The partition of the British Indian Empire into the two nations of India and Pakistan resulted in one of the greatest forced migrations in human history. The chaos that followed resembled civil war, and the death toll of men, women and children exceeded half a million. Jain’s paternal grandfather was stabbed to death on the Pakistan side, while his children escaped across the border to India. Left an orphan with no money, Jain’s father eventually immigrated to England where he raised a family of his own. 

Jain, MD, was born and raised in England, where she attended medical school, then immigrated to the United States to practice psychiatry. It wasn’t until a road trip with her father in 2007, traveling in a minivan from New York back home to Milwaukee, that he disclosed to her the full truth of their family history, which subsequently changed the course of her career.

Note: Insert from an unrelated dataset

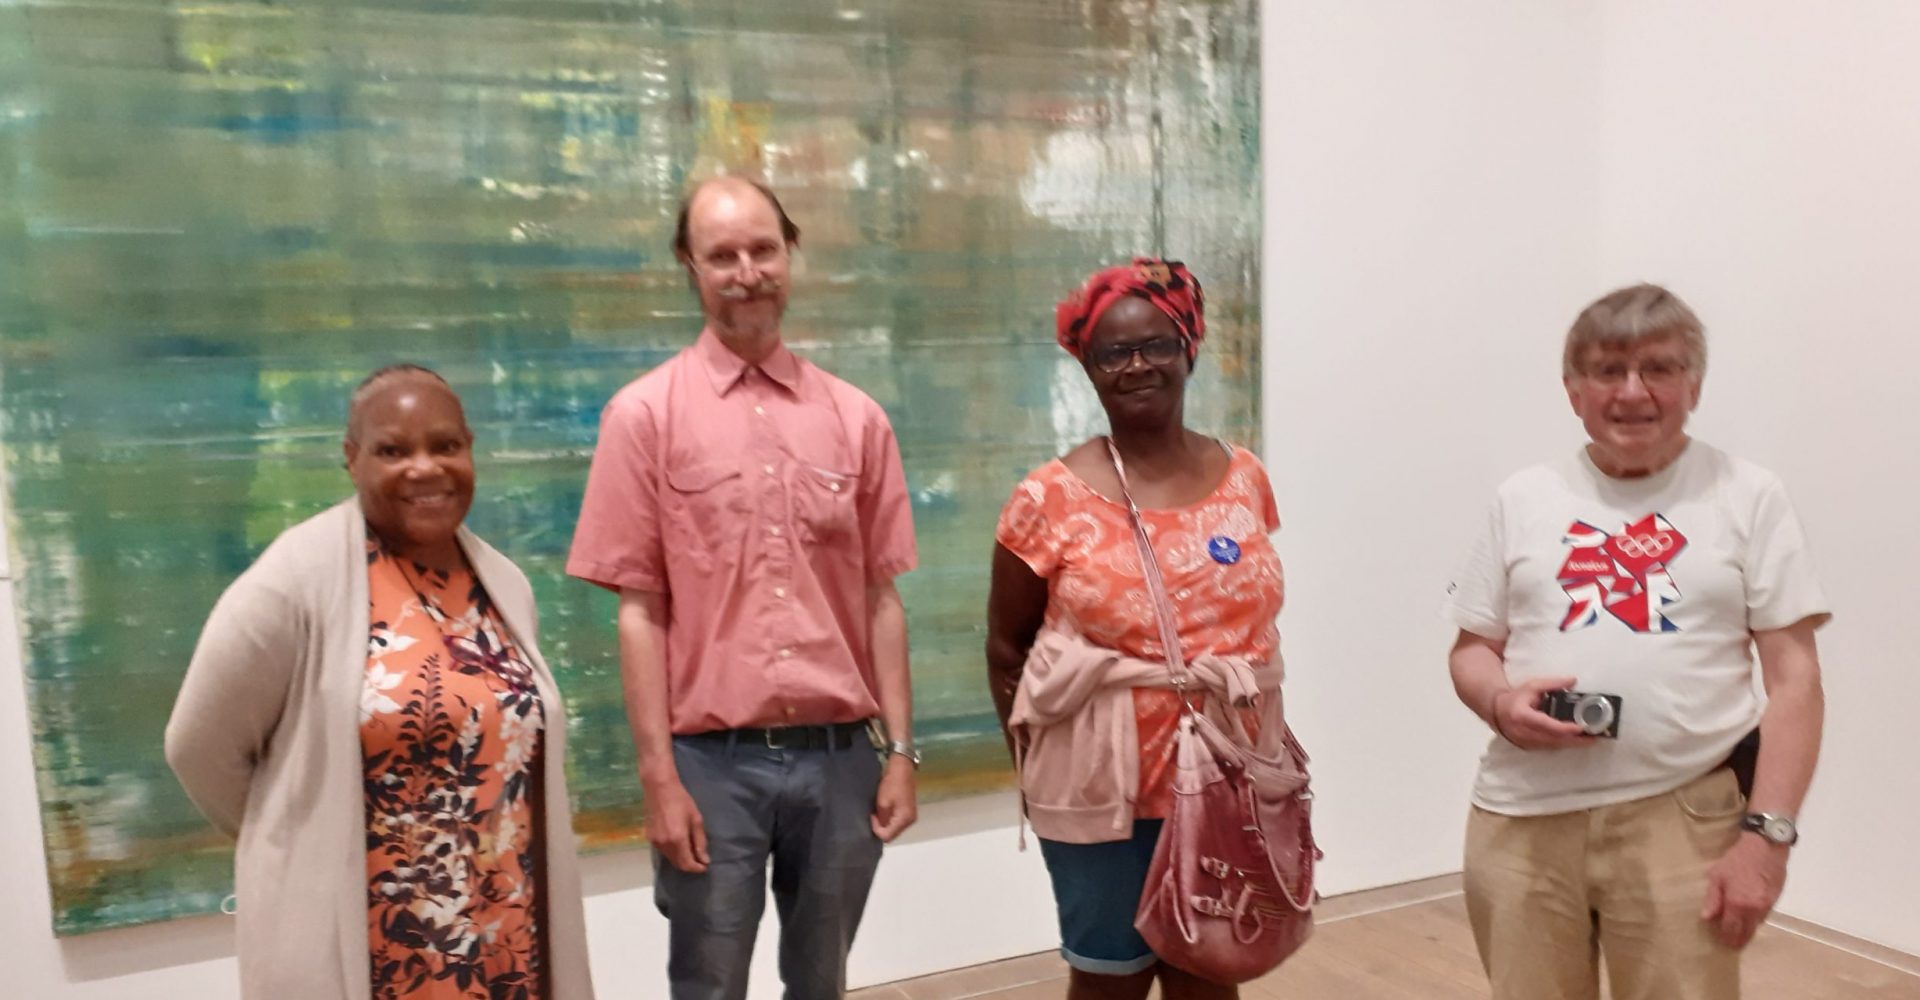 Four people in front of a painting at the Tate Moderni

"My family legacy was one of tragic loss and terror but it had been buried for decades," Jain says.

Two years later, motivated by her father’s story, Jain left her comfortable private practice in Milwaukee and moved her own family cross-country to start a fellowship at the Veterans Affairs National Center for Post Traumatic Stress Disorder in Menlo Park.

"I realized that, at some level, those people who have had their lives torn apart because of traumatic incidents, in a way they’re my people," she says. Jain is now a clinical assistant professor of psychiatry at Stanford and the program director for peer support services offered through the VA Palo Alto Health Care System.

"I became committed, "she says, "to advancing the science of PTSD and unlocking the secrets of what fosters human resilience in the aftermath of unspeakable traumas."